A Study to Test How Different Doses of BI 685509 Are Tolerated in Patients With Liver Problems

NCT03842761 | Completed Phase 1 FDA Drug

• 1 other identifier: 1366-0020
• Study Type: interventional
• Target: 64
• Locations: 1 country
• Sites: 1

Brief Summary

The primary objective of this trial is the evaluation of safety and tolerability in patients with mild to moderate hepatic impairment \[Child-Turcotte-Pugh (CTP) classification A and B\] over different dose regimes of BI 685509 compared to placebo. A secondary objective is to investigate pharmacokinetics of different doses of BI 685509 in patients with mild to moderate hepatic impairment (CTP A and CTP B).

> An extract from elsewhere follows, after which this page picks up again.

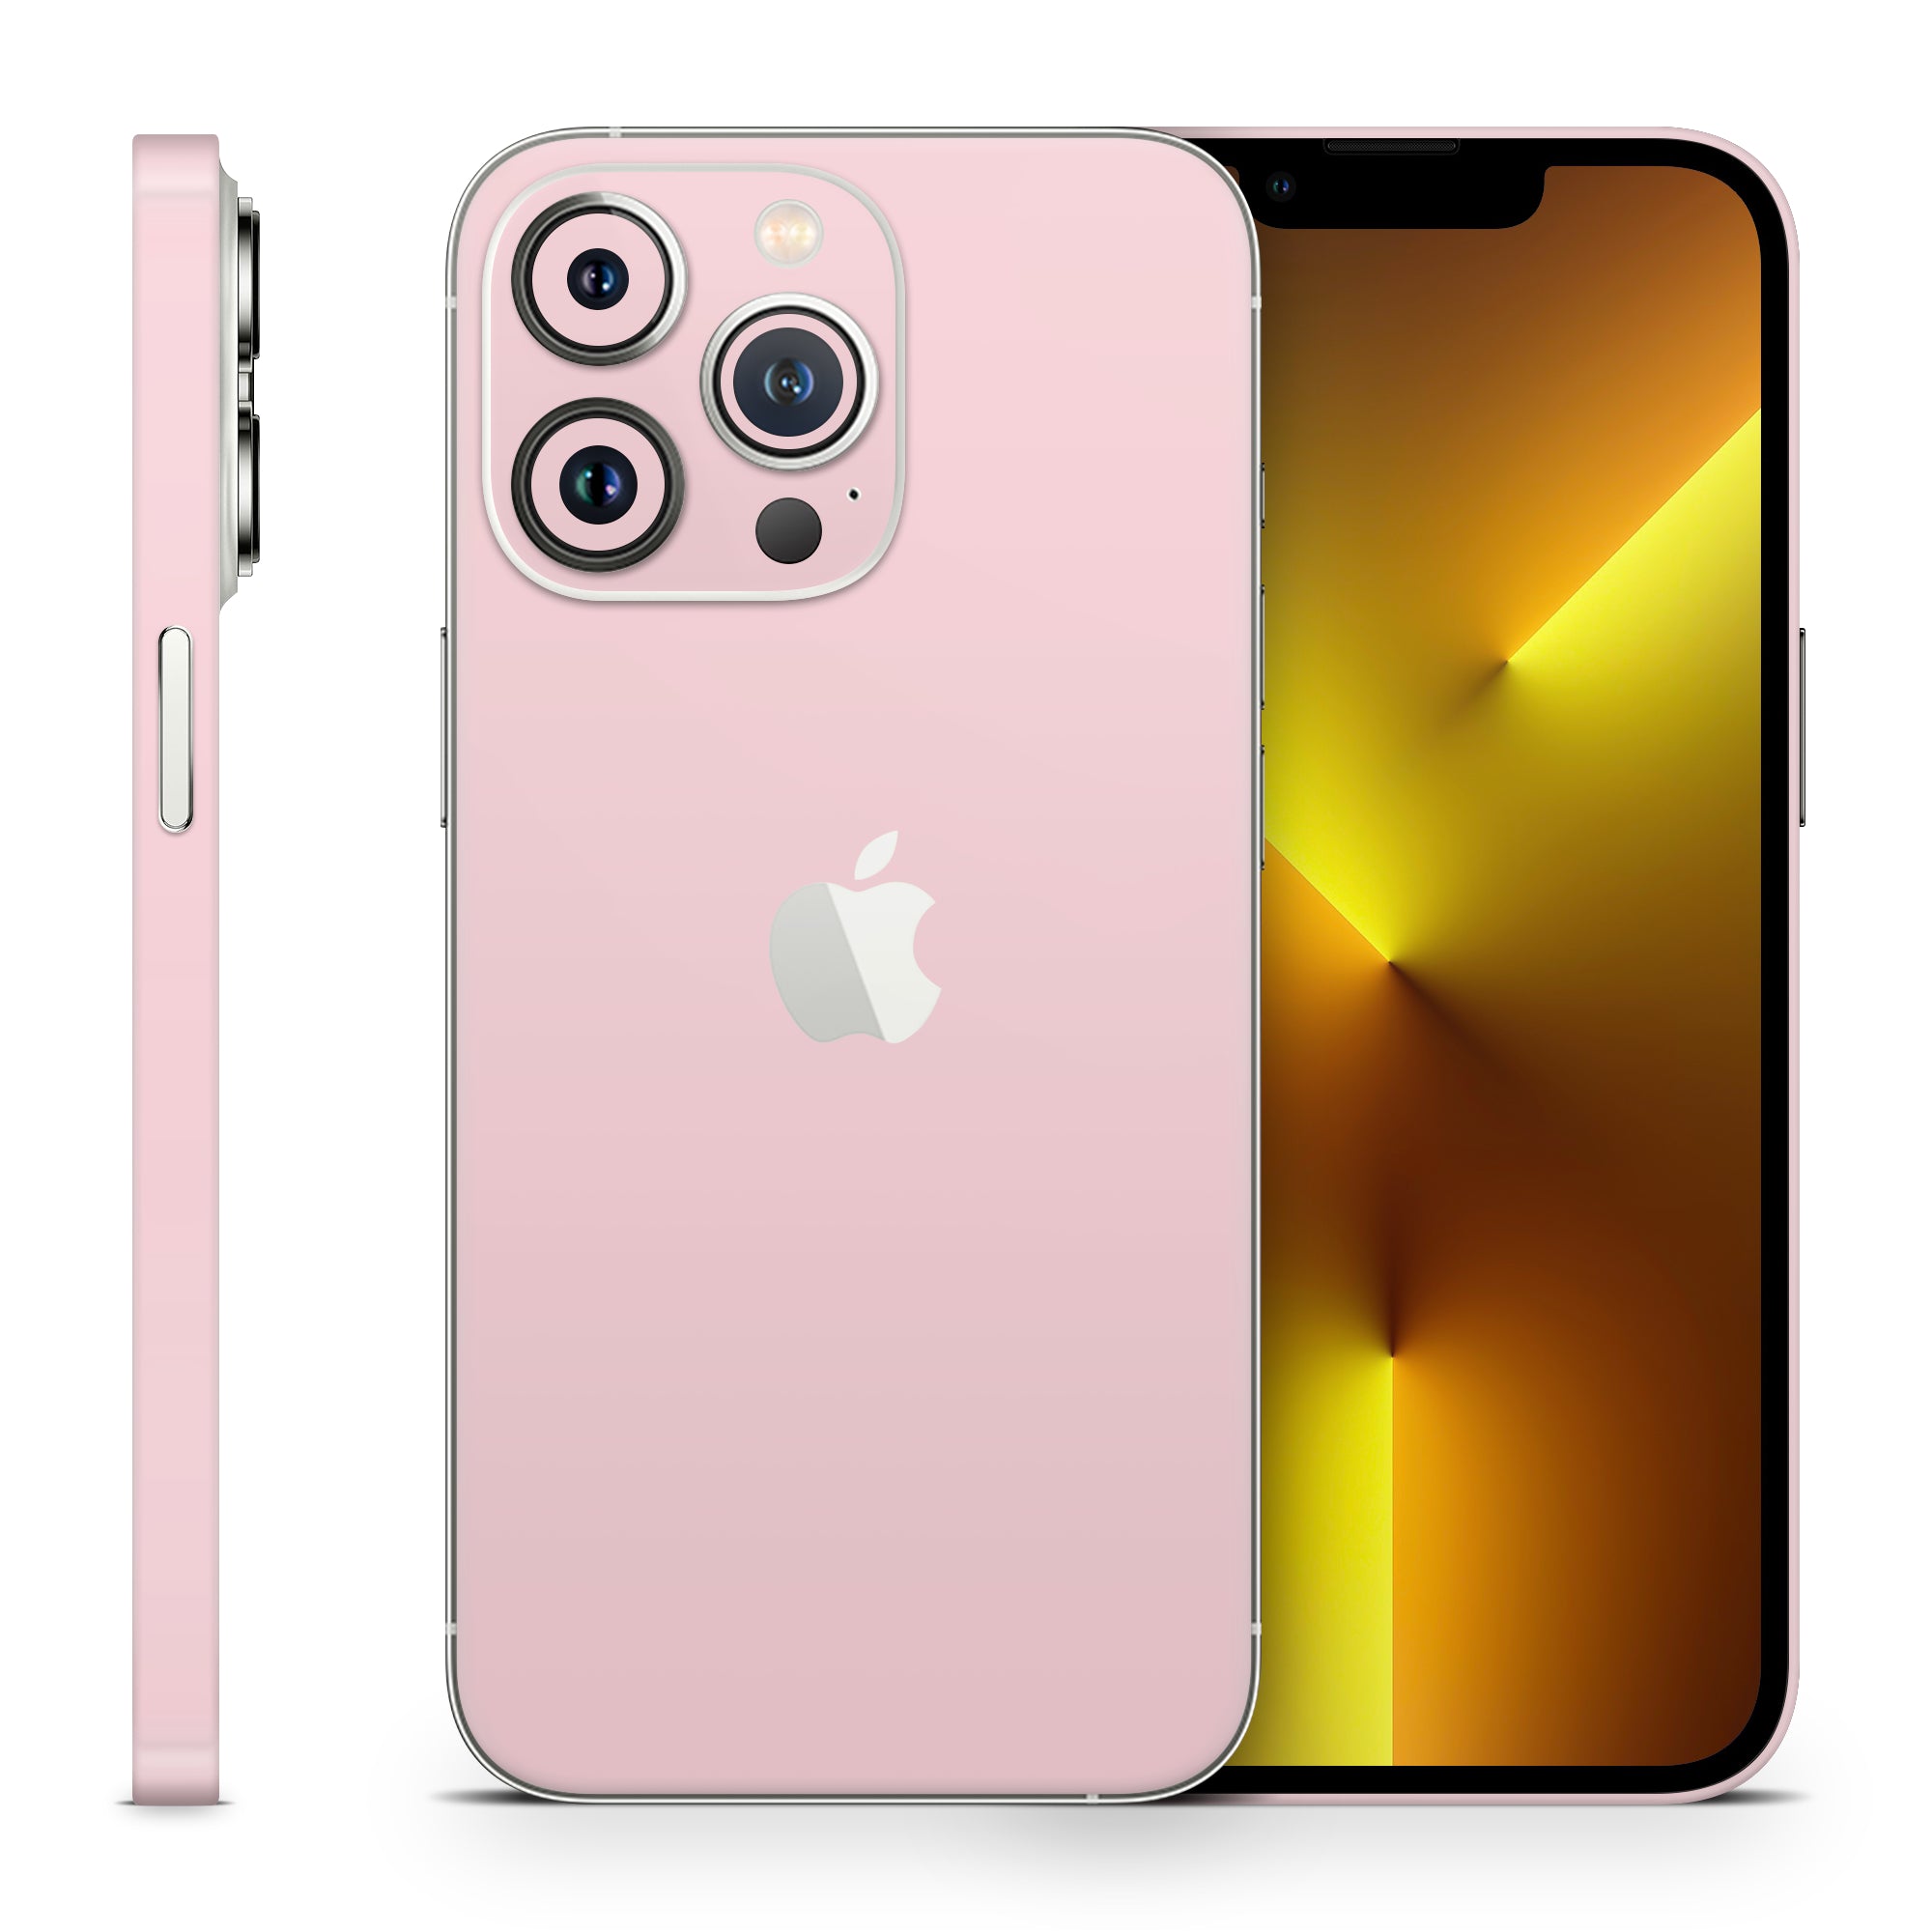 Iphone Skin - Skin IPhone - Pale Pink
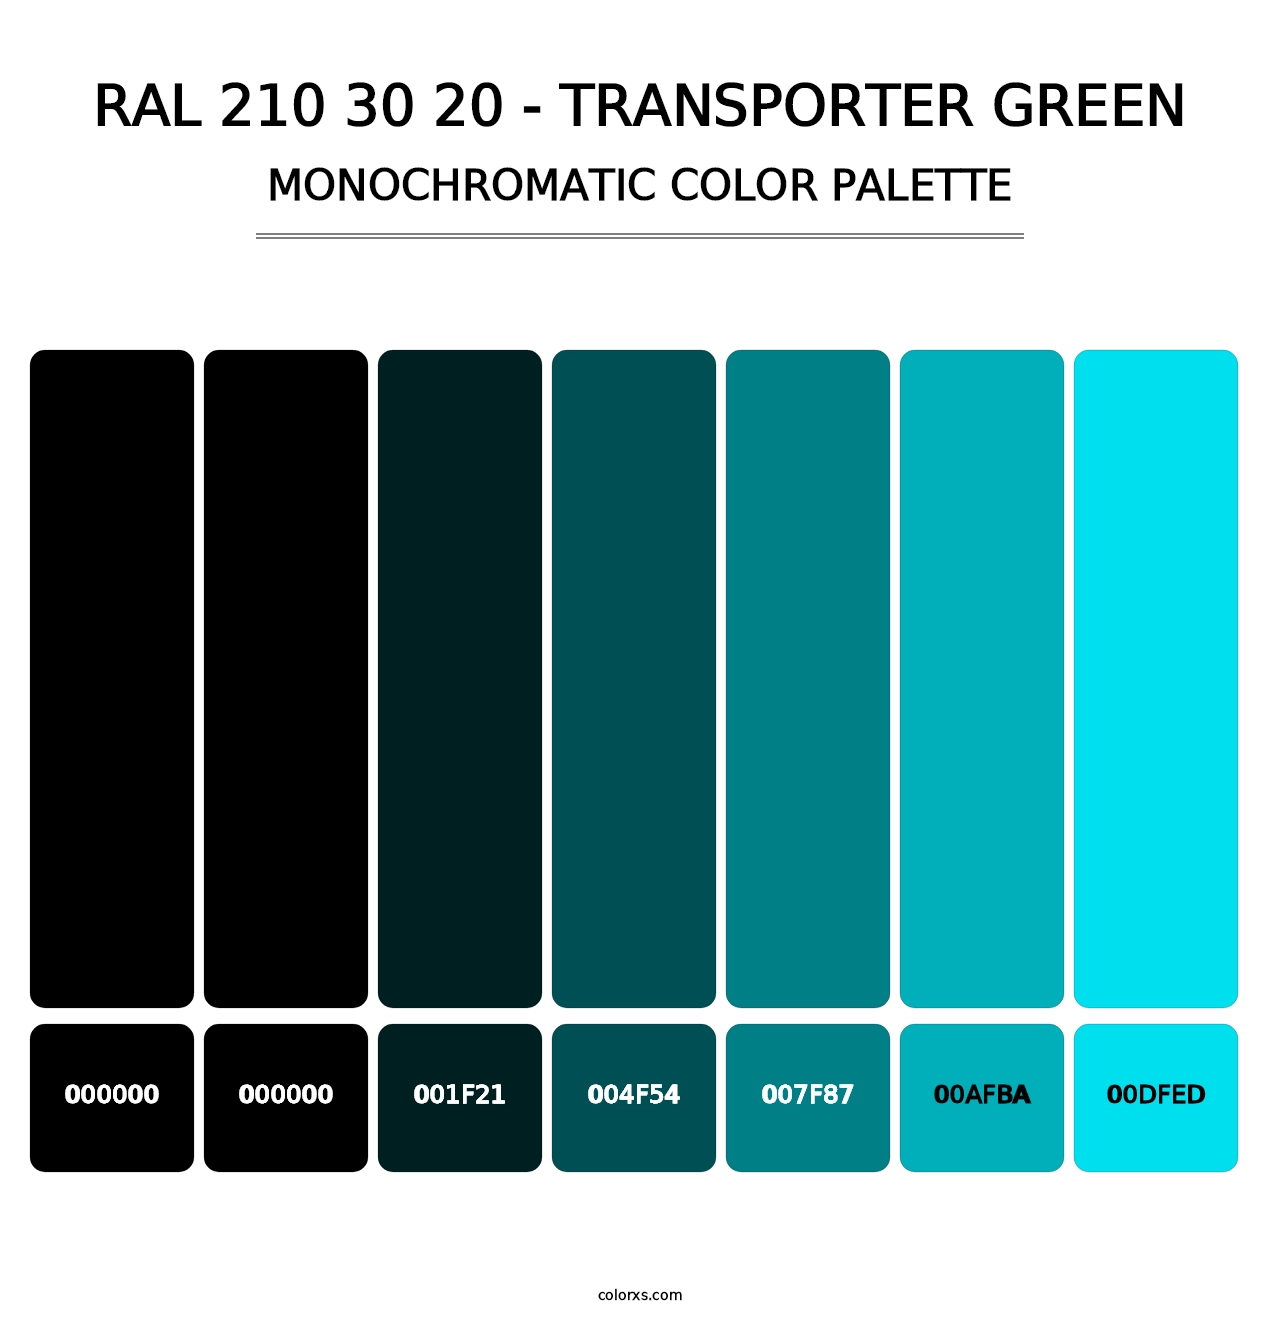 RAL 210 30 20 - Transporter Green - Monochromatic Color Palette

In addition, another secondary objective is to compare safety, tolerability, and pharmacokinetics in patients with mild to moderate hepatic impairment (CTP A and CTP B) of single BI 685509 dose to individually matched healthy volunteers

Conditions

Healthy; Hepatic Insufficiency

Outcome Measures

Primary Outcomes (1)

• The percentage of subjects with drug-related Adverse Events (AEs) among different dose regimes over each up-titration

  Up to day 28

Secondary Outcomes (8)

• AUC0-tz (area under the concentration-time curve of the analyte in plasma over the time interval from 0 to time of the last quantifiable data point)

  Baseline and Up to 72 hours

• Cmax (maximum measured concentration of the analyte in plasma)

  Up to 72 hours

• AUCτ,ss (area under the concentration-time curve of the analyte in plasma at steady state over a uniform dosing interval τ) [AUCτ,ss will be AUC0-12,ss for bid dosing]

  Up to 72 hours

• Cmax,ss (maximum measured concentration of the analyte in plasma at steady)

  Up to 72 hours

• Change from baseline in seated systolic blood pressure (SBP)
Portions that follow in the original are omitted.